A retrospective review was performed on 125 consecutive patients who underwent minimally invasive transforaminal lumbar interbody fusion and transpedicular screws placement between the levels of T-12 and S-1. Screw accuracy was evaluated using a postoperative computed tomography by three independent observers. Pedicle breach was documented when there was a violation in any direction of the pedicle. Inter-observer agreement was assessed with the Kappa coefficient.

Results

A total of 470 transpedicular screws were evaluated between the levels of T-12 and S-1. In 57 patients the instrumentation was bilateral and in 68 unilateral. A substantial degree of agreement was found between the observers AB (κ=0.769) and A-C (κ=0.784) and almost perfect agreement between observers B-C (κ=0.928). There were a total of 427.33 (90.92%) screws without breach, 39.33 (8.37%) minor breach pedicles and 3.33 (0.71%) major breach pedicles. The pedicle breach rate was 9.08% Trajectory pedicle breach percentages were as follows: minor medial pedicle breach 4.68%, minor lateral pedicle breach 3.47%, minor inferior pedicle breach 0.22%, and major medial breach 0.70%. No intraoperative instrumentation-related or postoperative clinical complications were encountered and no surgical revision was needed.

Conclusions

Our study demonstrated a high accuracy (90.2%) for 2-D fluoroscopy-guided pedicle screw using electromonitoring. Only 0.71% of the 470 screws had a major breach. Knowing the radiological spine pedicle anatomy and the correct interpretation of EMG are the key factors for this technique.

Keywords: Accuracy, Computed tomography, electromonitoring, fluoroscopy, Minimally invasive, mini-open, pedicle screw

Introduction

Application of transpedicular screws for spinal instability had undergone technique refinements pursuing 100% accuracy. Techniques can be classified as open free-hand and minimally invasive assisted with either fluoroscopy or navigation.1 Pedicle screw fixation is a well-known and safe technique for spine surgeons with a low rate of complications.2 However, risk of serious neurological lesions,3 cerebrospinal fluid leaks,4 vascular5, 6 and visceral injures7 have raised interest to evaluate safety and accuracy for pedicle screw placement.

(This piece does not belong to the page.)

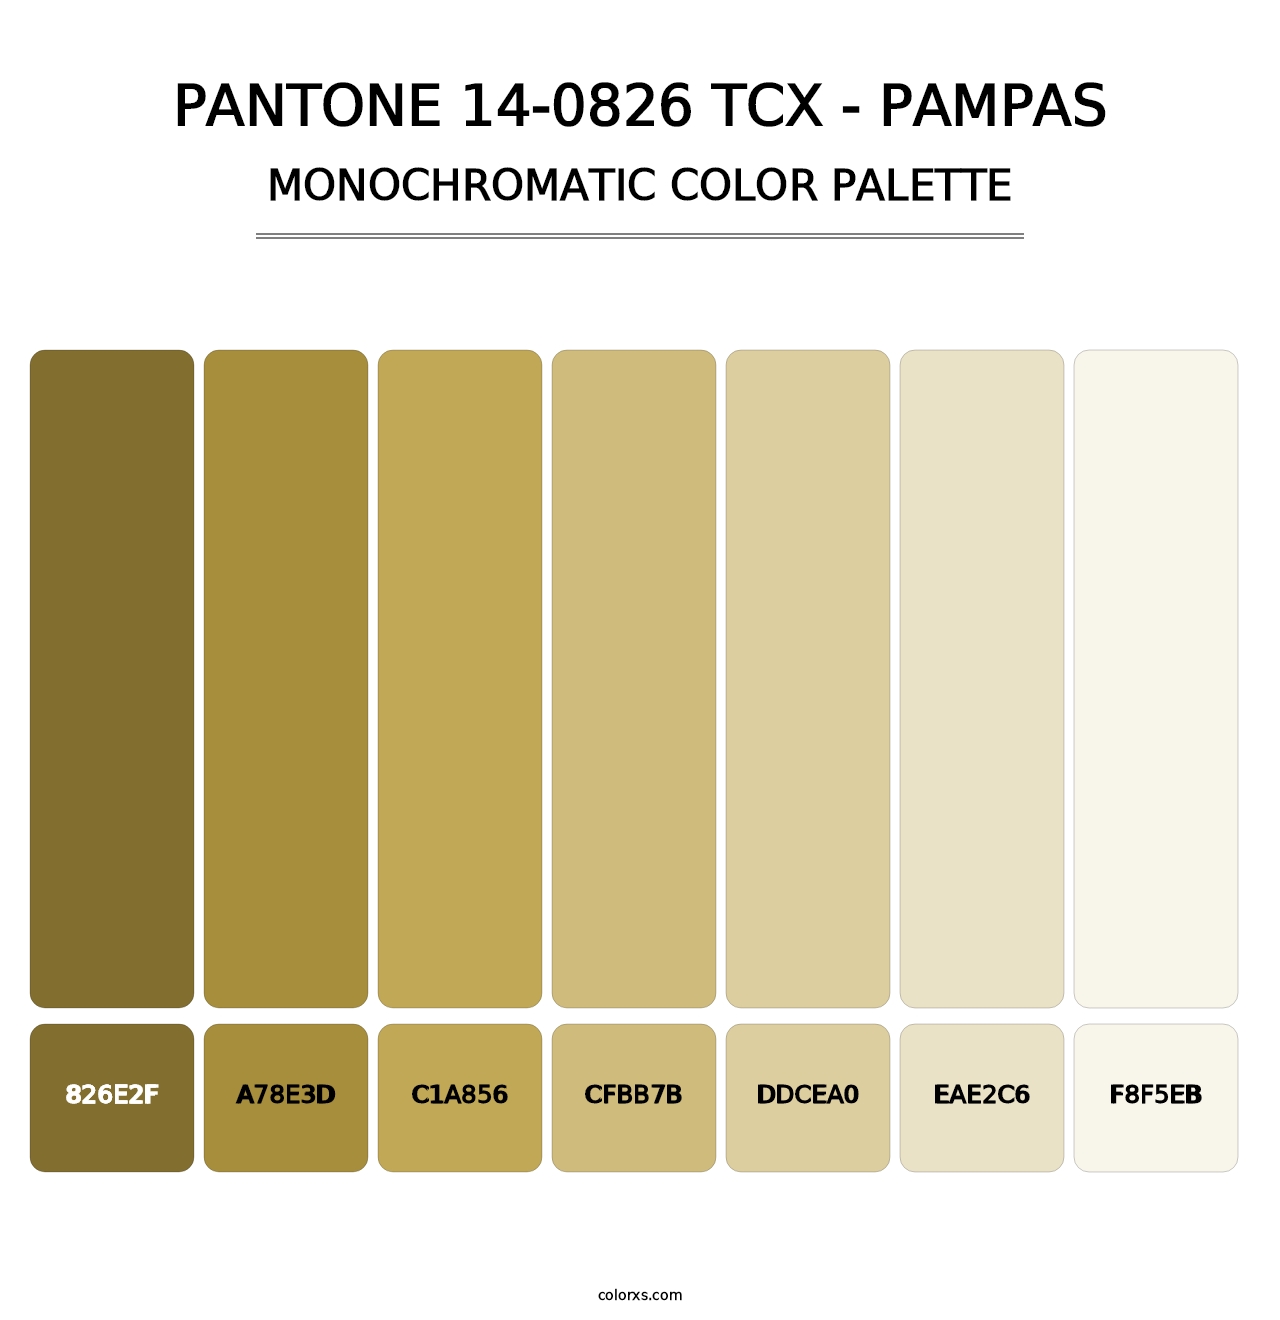 PANTONE 14-0826 TCX - Pampas - Monochromatic Color Palette
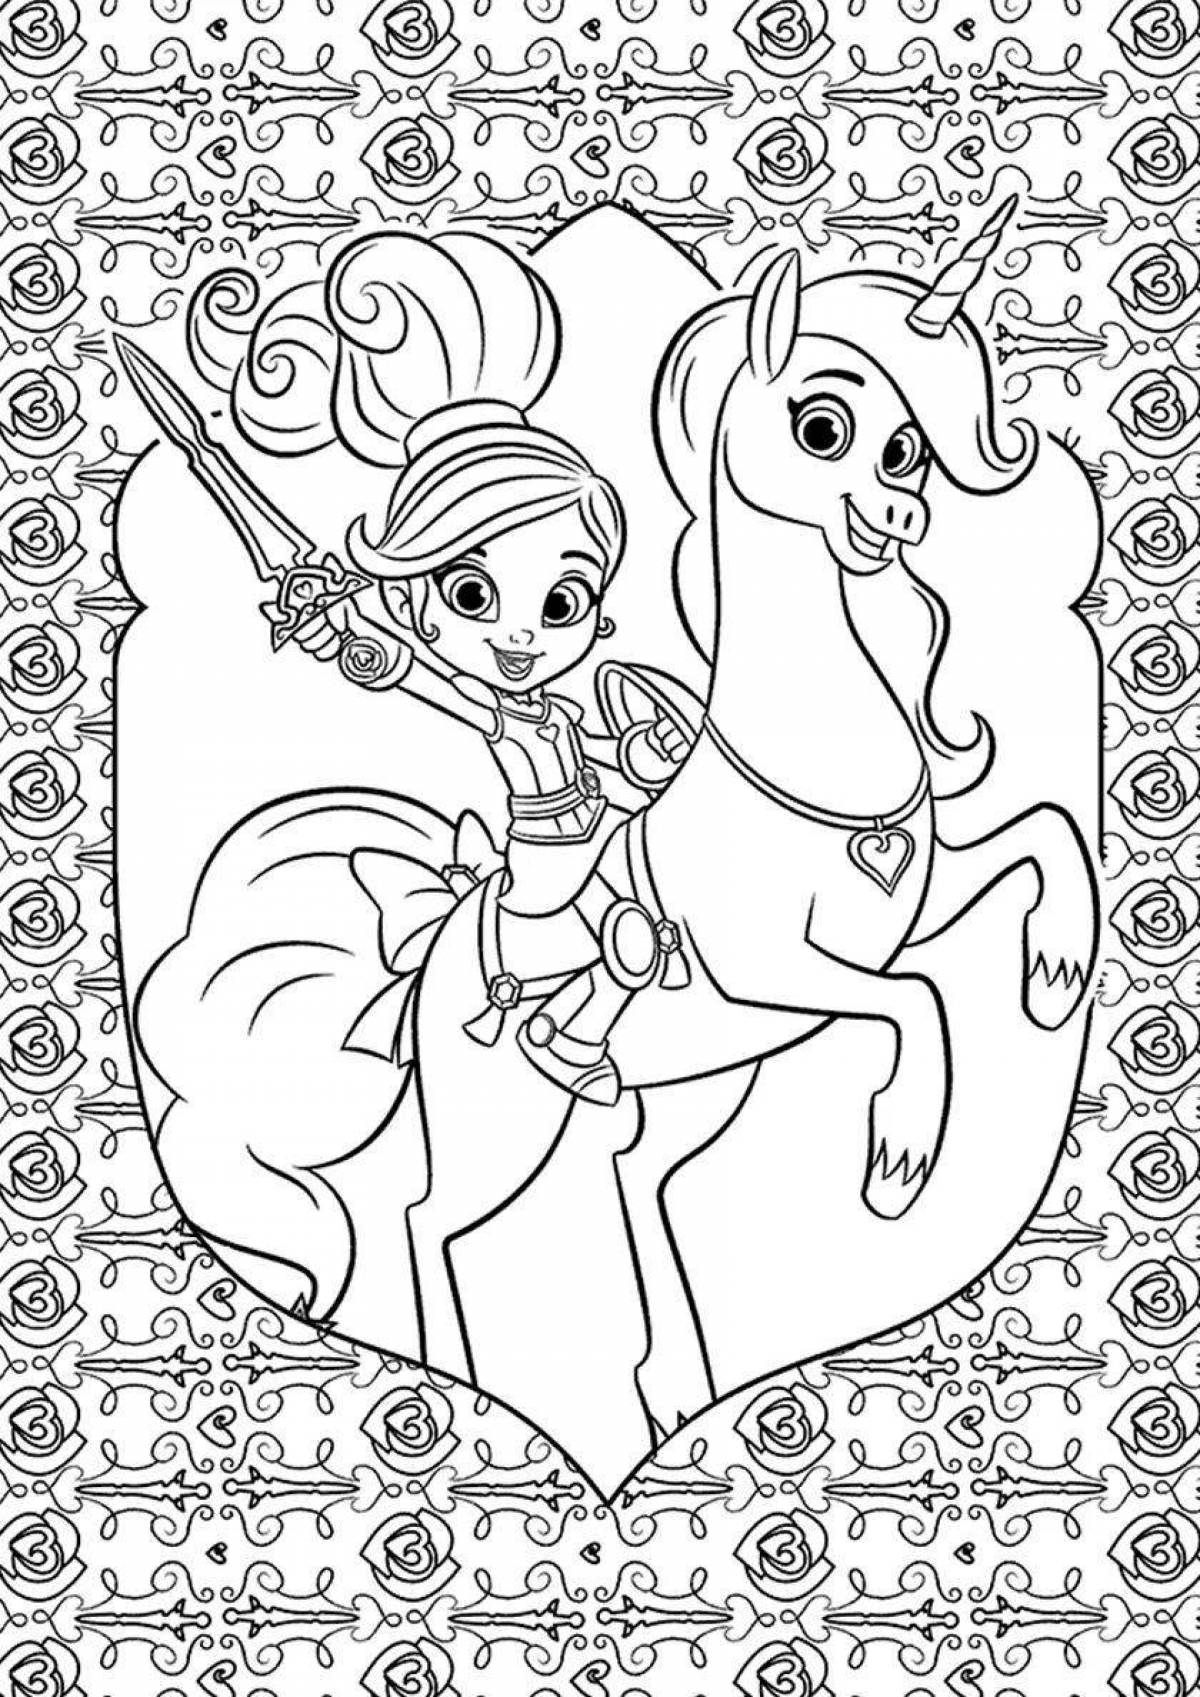 Exquisite enchantimals unicorn coloring book

The objective of this study was to asses the accuracy and safety for 2-D fluoroscopy guided pedicle screw placement assisted with electrophysiological monitoring through a mini-open approach used for minimally invasive spine surgery transforaminal lumbar interbody fusion (MISS-TLIF).

Materials and Methods

A retrospective imagenological review was performed on 125 consecutive patients who underwent MISS TLIF and transpedicular screw placement between the levels of T-12 and S-1 by a single neurosurgeon (JASS), during a period between January 2010 to November 2014 at the ABC Medical Center in Mexico City, Mexico. The Education and Research Department of the --ABC Medical Center-- approved this study.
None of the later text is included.